Without including any images, please transcribe all the lines below exactly.

Given material
-------

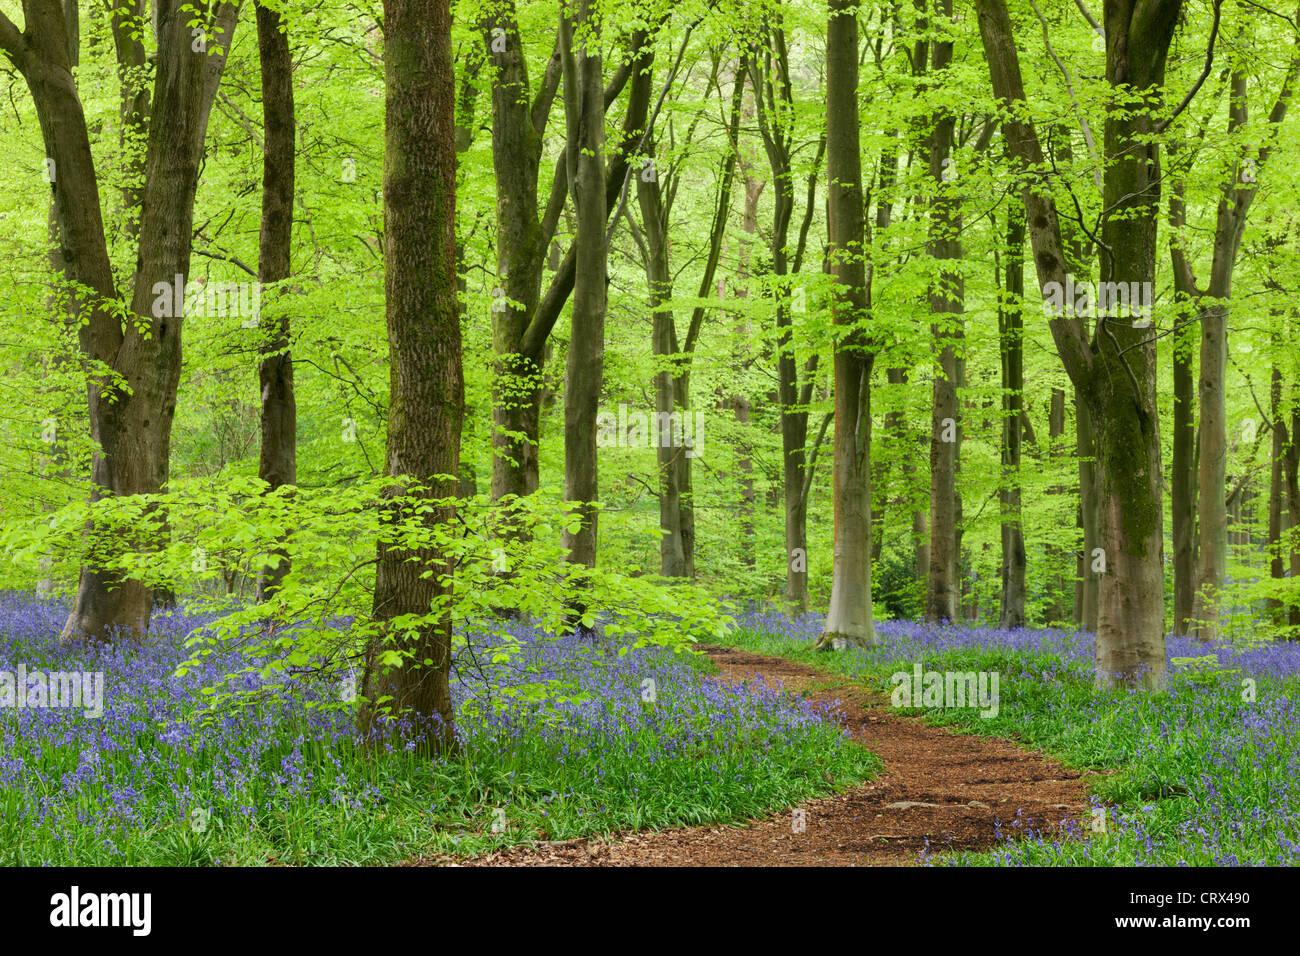 Bluebell alfombra en un bosque de hayas, West Woods, Wiltshire, Inglaterra. La primavera (Mayo de 2012). Imagen De Stock
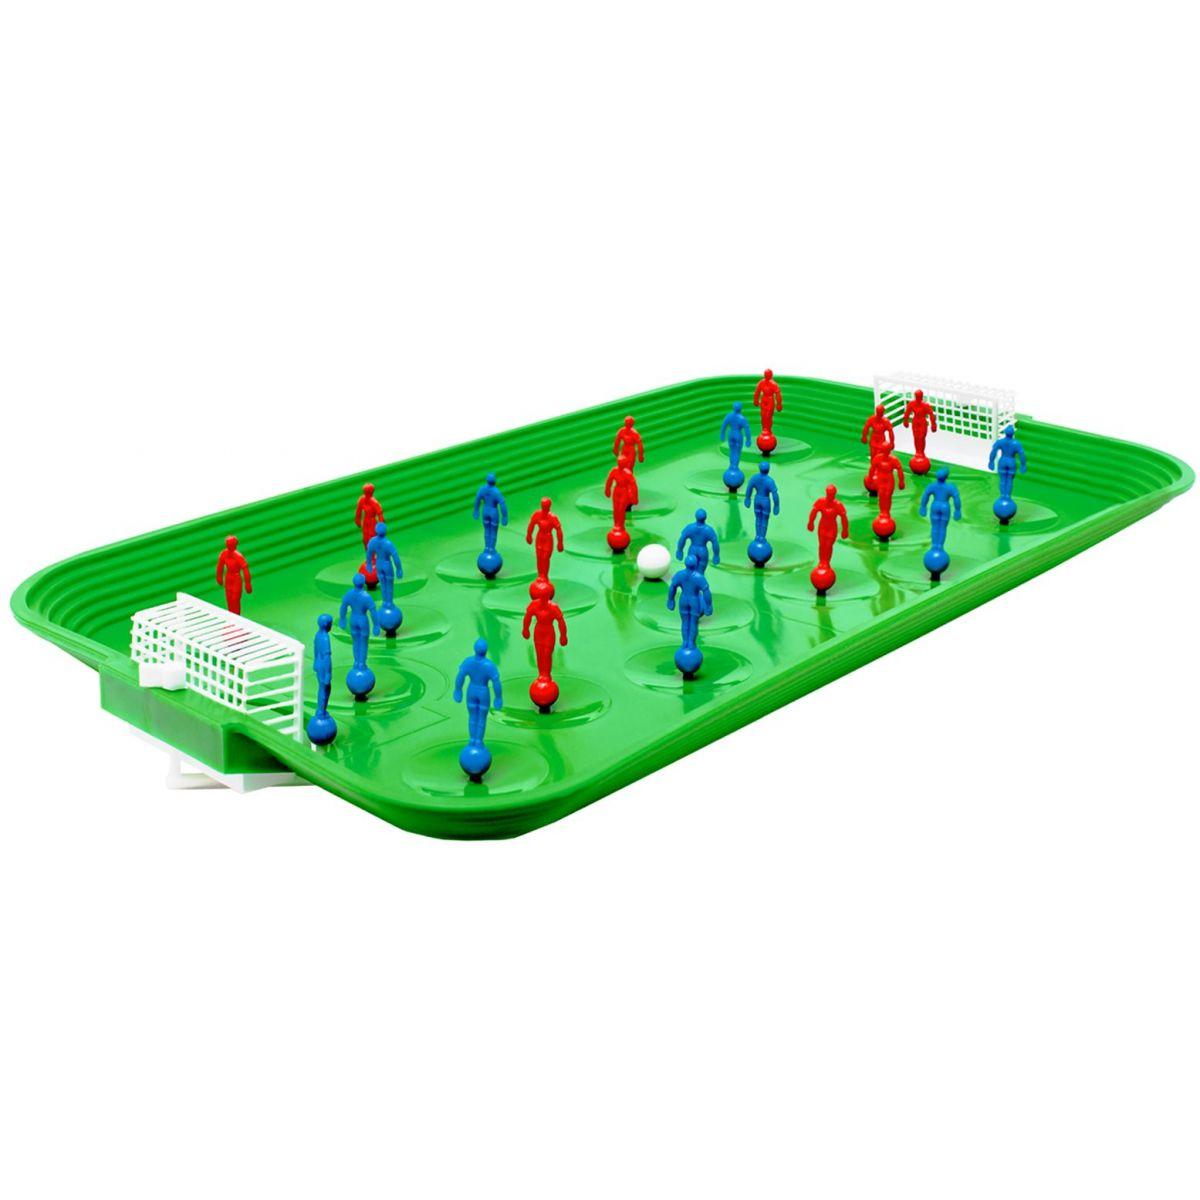 Kopaná-Futbal spoločenská hra
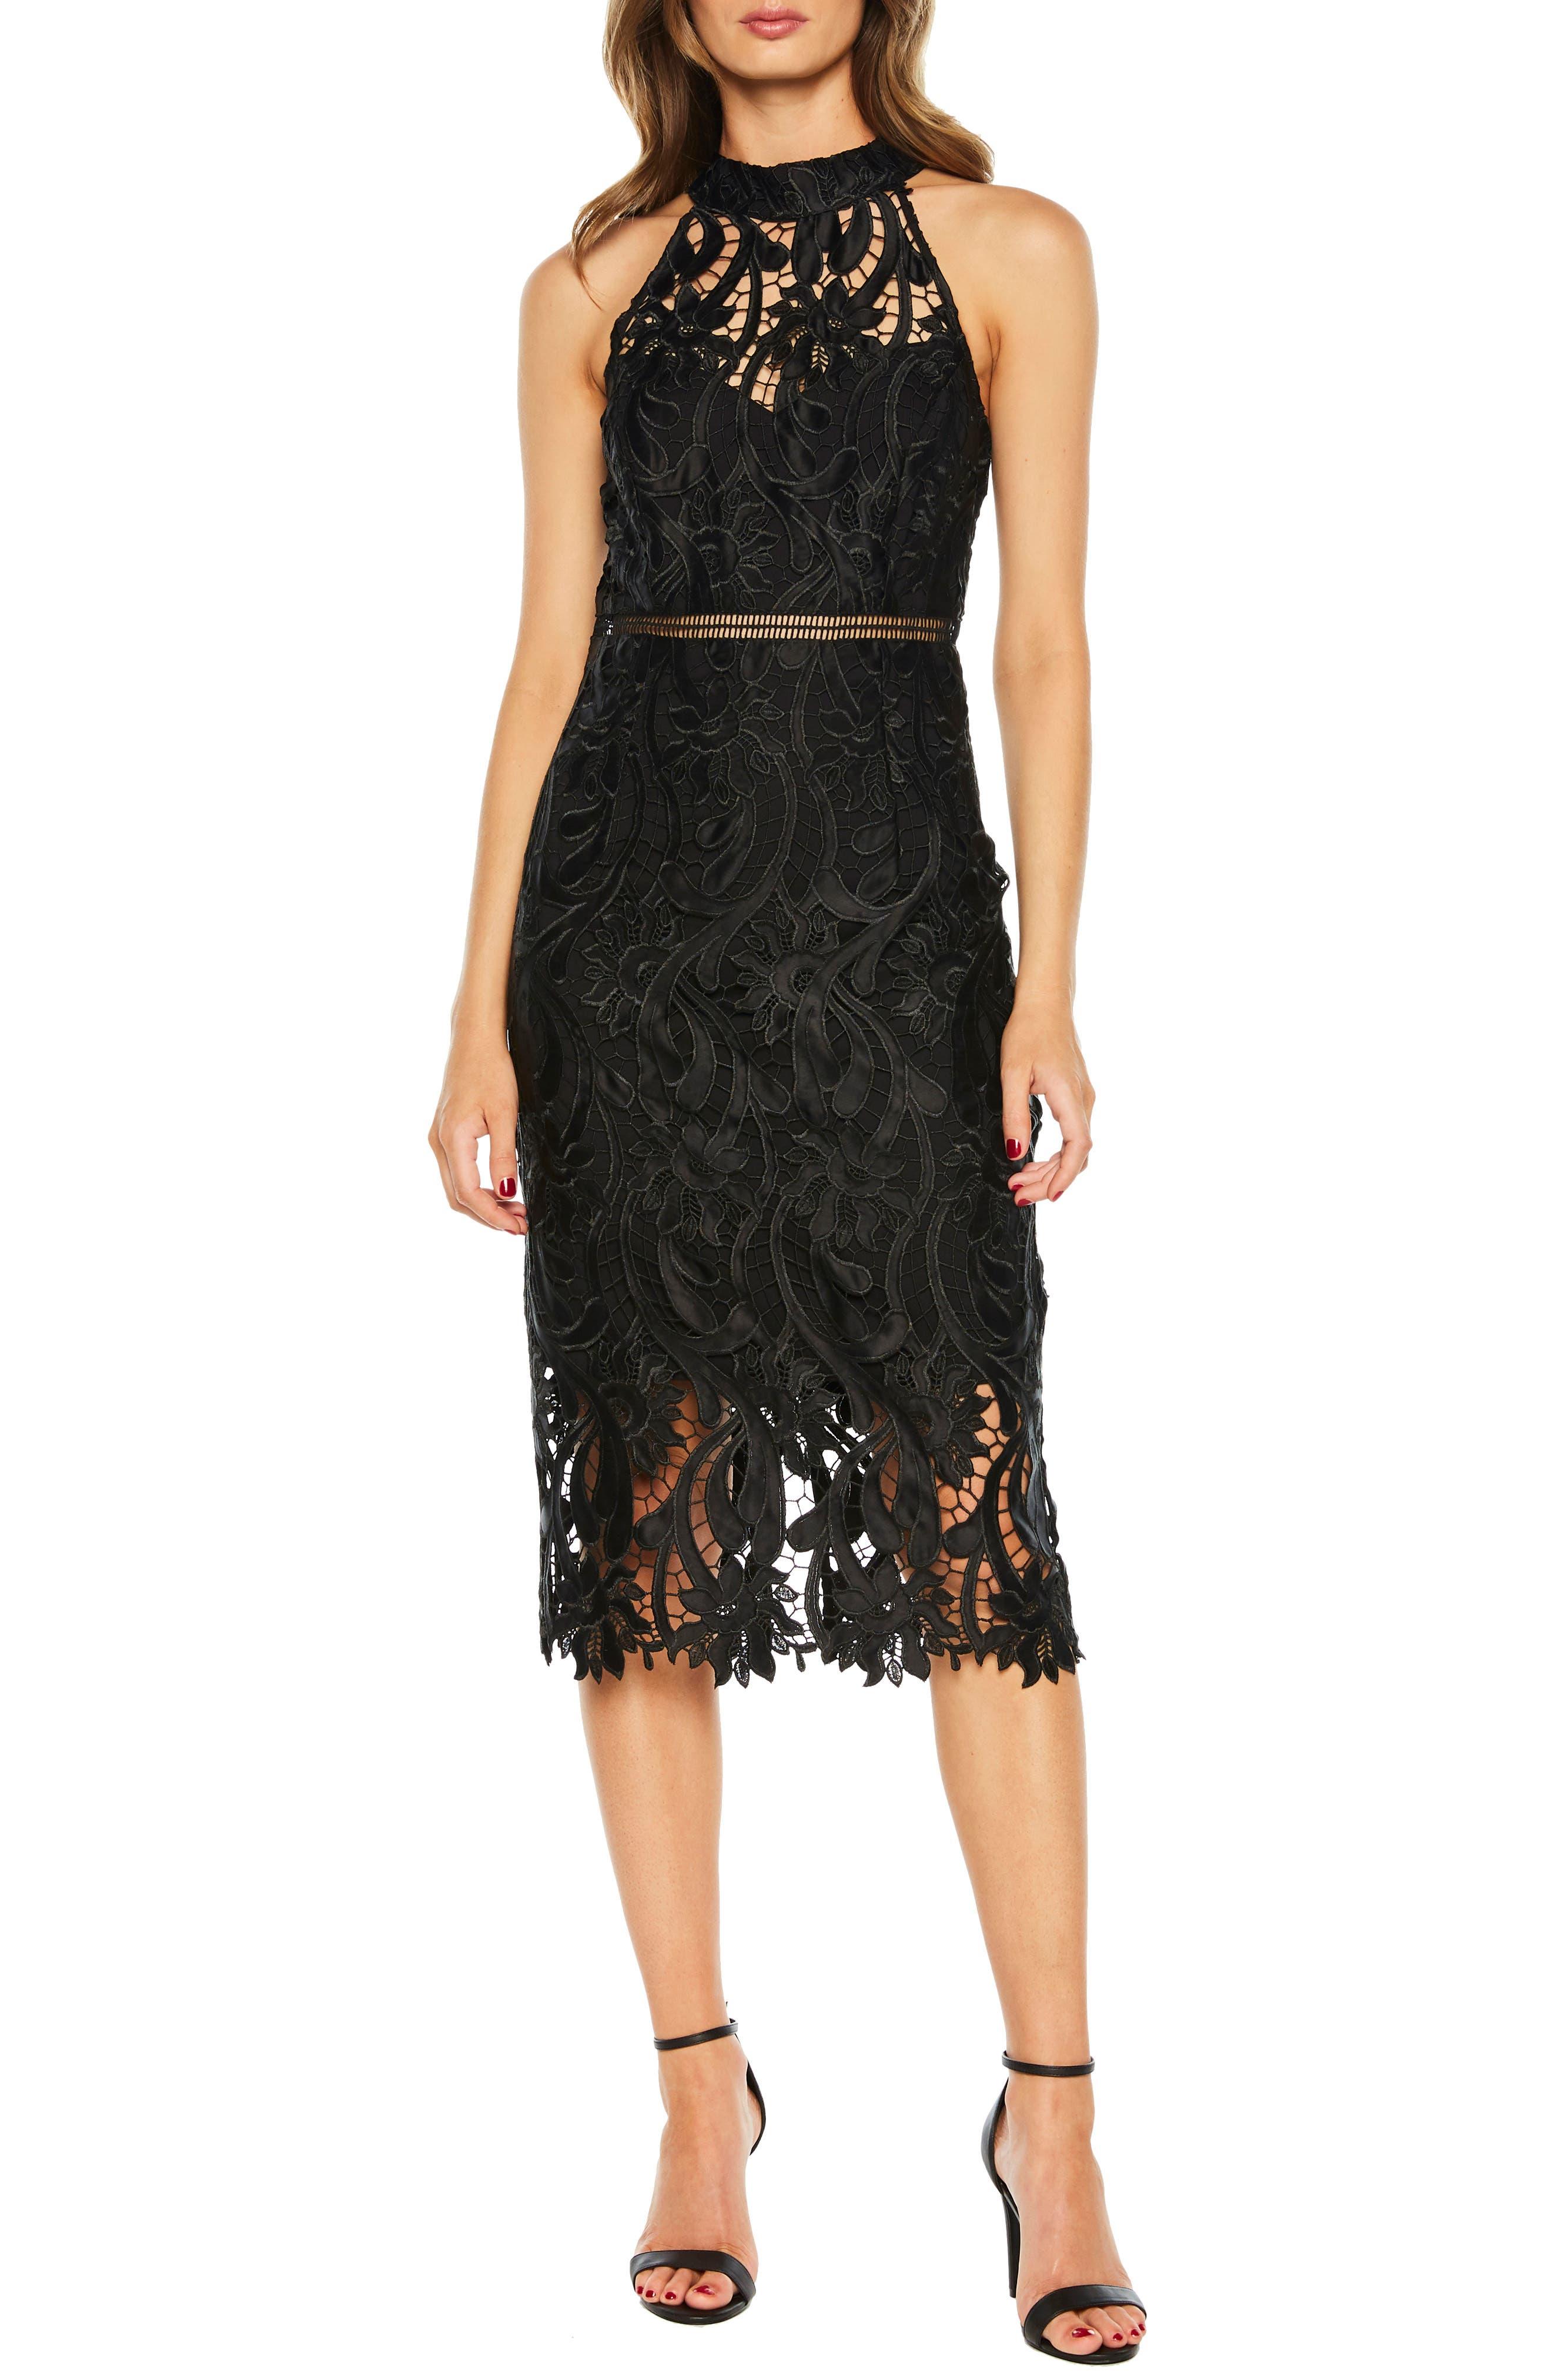 BARDOT, Isa Lace Halter Dress, Main thumbnail 1, color, 001

-------

Written answer
 Bluebell alfombra en un bosque de hayas, West Woods, Wiltshire, Inglaterra. La primavera (Mayo de 2012). Imagen De Stock
 Kopaná-Futbal spoločenská hra
 BARDOT, Isa Lace Halter Dress, Main thumbnail 1, color, 001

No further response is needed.